Scilex Holding Company (SHC) filed a Schedule 13D disclosing it directly acquired 15,000,000 shares of Datavault AI Inc. (DVLT), representing 8.03% of the outstanding common stock. The acquisition was part of a $150.0 million Securities Purchase Agreement in which SHC purchased 15.0 million shares at $0.5378 per share, paid in Bitcoin, at an initial closing on September 26, 2025. The agreement contemplates issuance, upon receipt of stockholder approval, of a pre-funded warrant exercisable for 263,914,094 shares for approximately $141.9 million with an exercise price of $0.0001 per share. The SPA requires Datavault to pursue stockholder approval through proxy or written consent and contains voting agreements from certain stockholders to support the proposed proposals.
Datavault AI, Inc. filed a Form 8-K dated September 29, 2025 that discloses written and soliciting communications related to securities and tender/transaction rules.
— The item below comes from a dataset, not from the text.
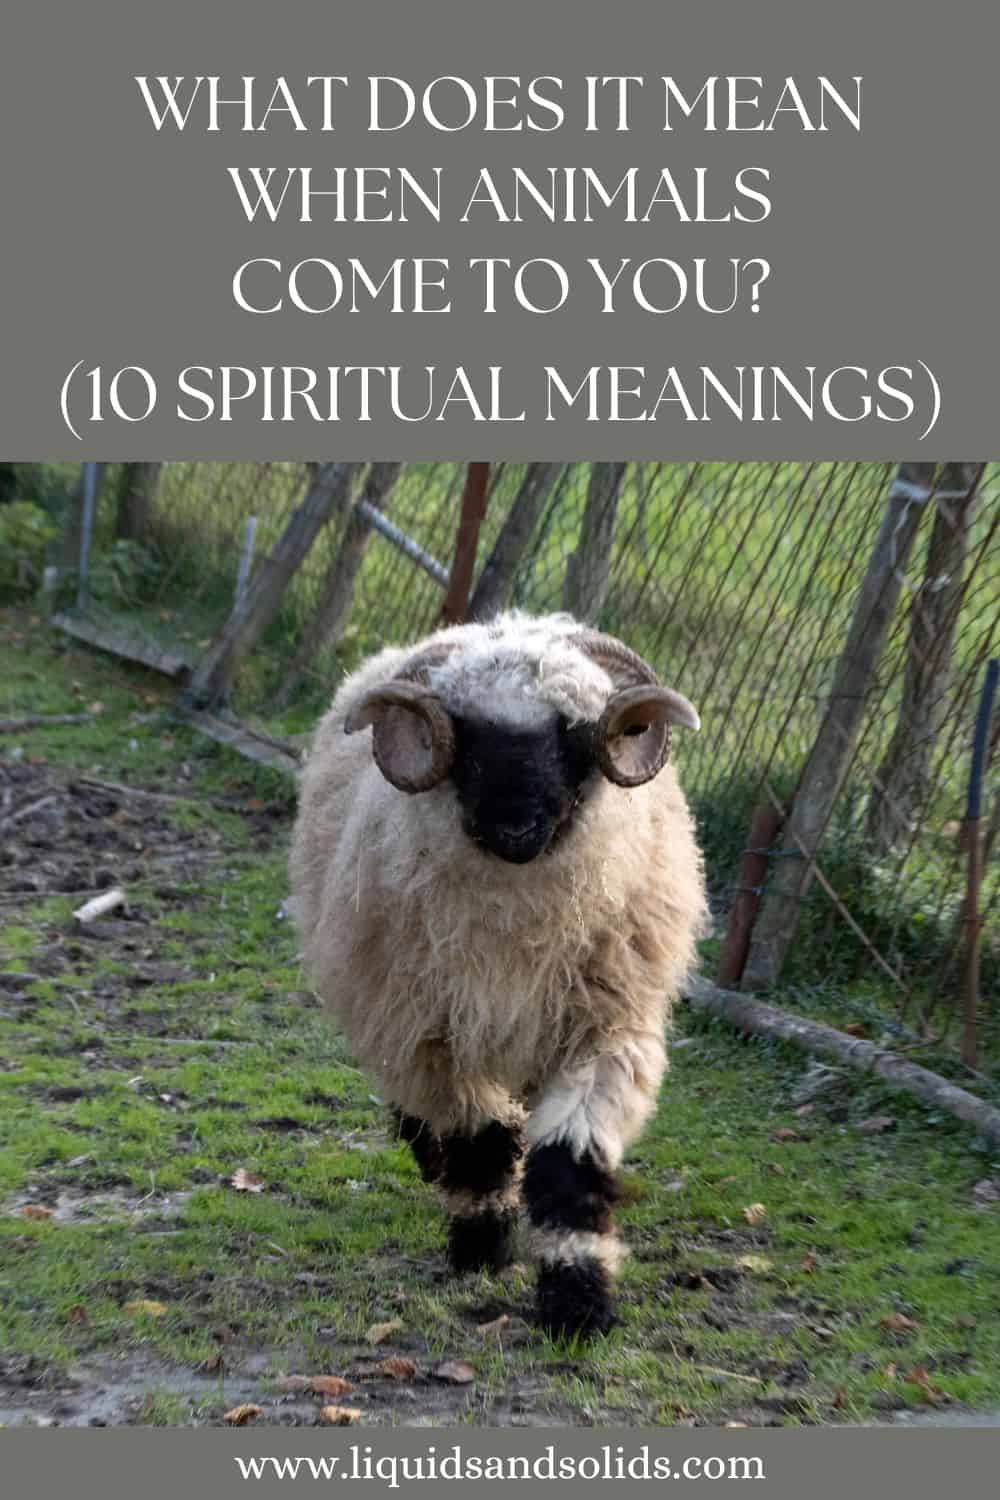  რას ნიშნავს, როცა ცხოველები შენთან მოდიან? (10 სულიერი მნიშვნელობა)

The filing lists communications under Rule 425 of the Securities Act, soliciting material under Rule 14a-12 of the Exchange Act, and pre-commencement communications under Rule 14d-2(b) and Rule 13e-4(c) of the Exchange Act.
The Form 8-K is executed by Nathaniel Bradley, Chief Executive Officer, indicating corporate authorization of the disclosed communications. No financial results, transaction terms, counterparties, or further narrative about the purpose or content of those communications are included in the provided text.